What Does Secondary Nutrients Mean?
Secondary nutrients are nutrients that slightly
limit crop growth and are moderately required by plants. These nutrients are calcium (Ca), magnesium (Mg), and sulfur (S). Secondary nutrients are as
significant as primary nutrients (N-P-K) in plants, but they are needed in
smaller quantities. They are necessary for the augmentation levels of roots and
Many plant scientists also believe silicon (Si) to be a secondary nutrient as well.
Secondary nutrients are sometimes referred to as secondary macronutrients.
Maximum Yield Explains Secondary Nutrients
The secondary nutrients include:
1. Calcium (Ca)
Calcium is an essential nutrient that plays a significant role in plant growth. Calcium helps to neutralize the organic acids that form during metabolism. Calcium also assists plants in the following ways:
- Absorption and translocation of other nutrients by roots
- Facilitates disease resistance
- Assists in conversion of nitrate-nitrogen to other essential forms required for protein formation
- Required for cell division and cell wall formation
- Activation of growth-regulating enzyme systems
2. Magnesium (Mg)
Magnesium is an essential nutrient for plants because it is a fundamental element making up enzymes that support plant development, leaf chlorophyll, and for crop quality. The nutrient also assists in the formation of oils, sugars, and fats, and the nutrient serves as a phosphorous hauler. A magnesium deficiency causes a decrease in photosynthesis, which limits crop production.
3. Sulfur (S)
Sulfur is an essential element of chlorophyll. It is involved in nitrogen fixation in leguminous plants and also helps in seed production. Sulfur adds color, a different smell, and flavor to various plants like garlic, brassica crops, and onions. The nutrient also forms a significant part of proteins and amino acids. Sulfur is crucial for ensuring the protein content of leguminous plants.

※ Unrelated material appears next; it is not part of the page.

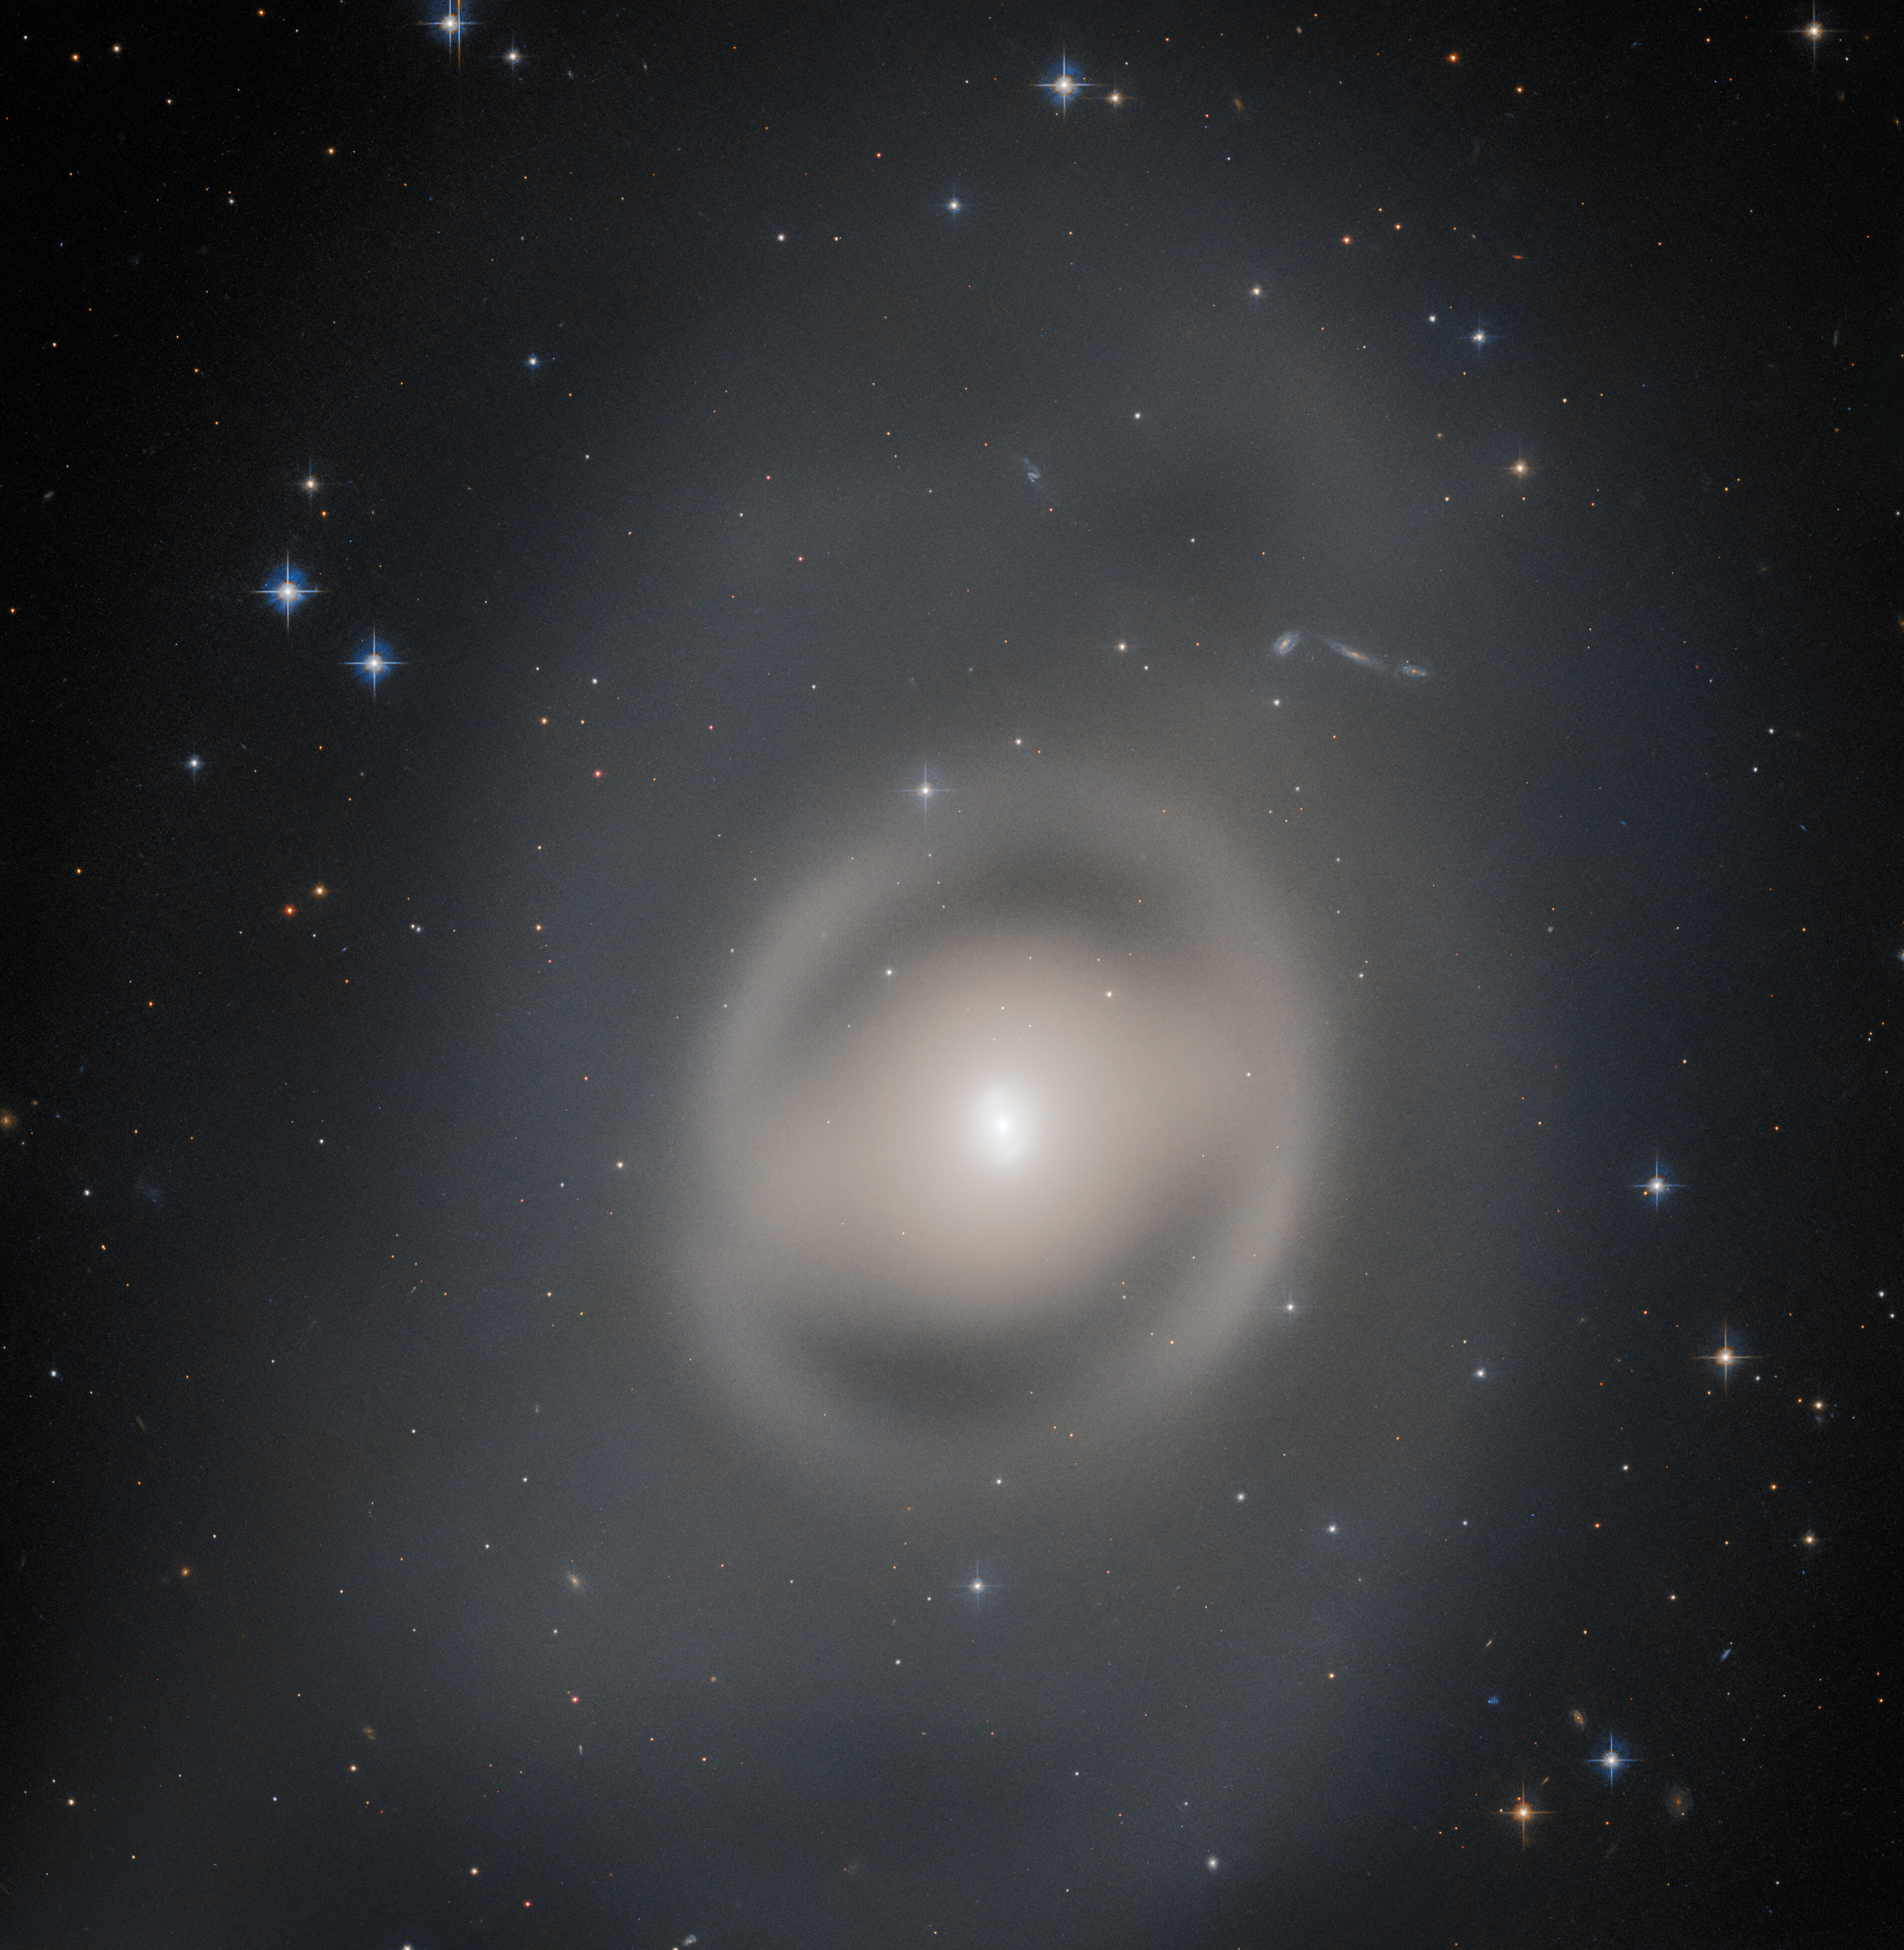 A galaxy, large and occupying most of the view from the center. The whole galaxy is made of smooth, diffuse light. The galaxy is surrounded by a smoky gray halo. Many stars shine around the galaxy, on a black background.

In addition to secondary nutrients, plants require micronutrients, which are needed in much smaller quantities than other plant nutrients, but are just as necessary for growth and development. Plant micronutrients include boron (B), chlorine (Cl), copper (Cu), iron (Fe), manganese (Mn), molybdenum (Mo), and zinc (Zn).
No matter if they are primary or secondary, all plant nutrients play a major role in the garden. They can be added to growing mediums via powder or liquid. Some nutrients lose their efficiency when mixed with other nutrients and left to sit for too long, so this is why there are one-part, two-part, three-part, and sometimes four-part nutrient solution regimens recommended for plants. That is, bottle 'A' contains different nutrients than bottle 'B'. Nutrients are often further divided into 'Grow' and 'Bloom' formulas. This is because the nutrient requirements for plants change in accordance with the plants' growth stages.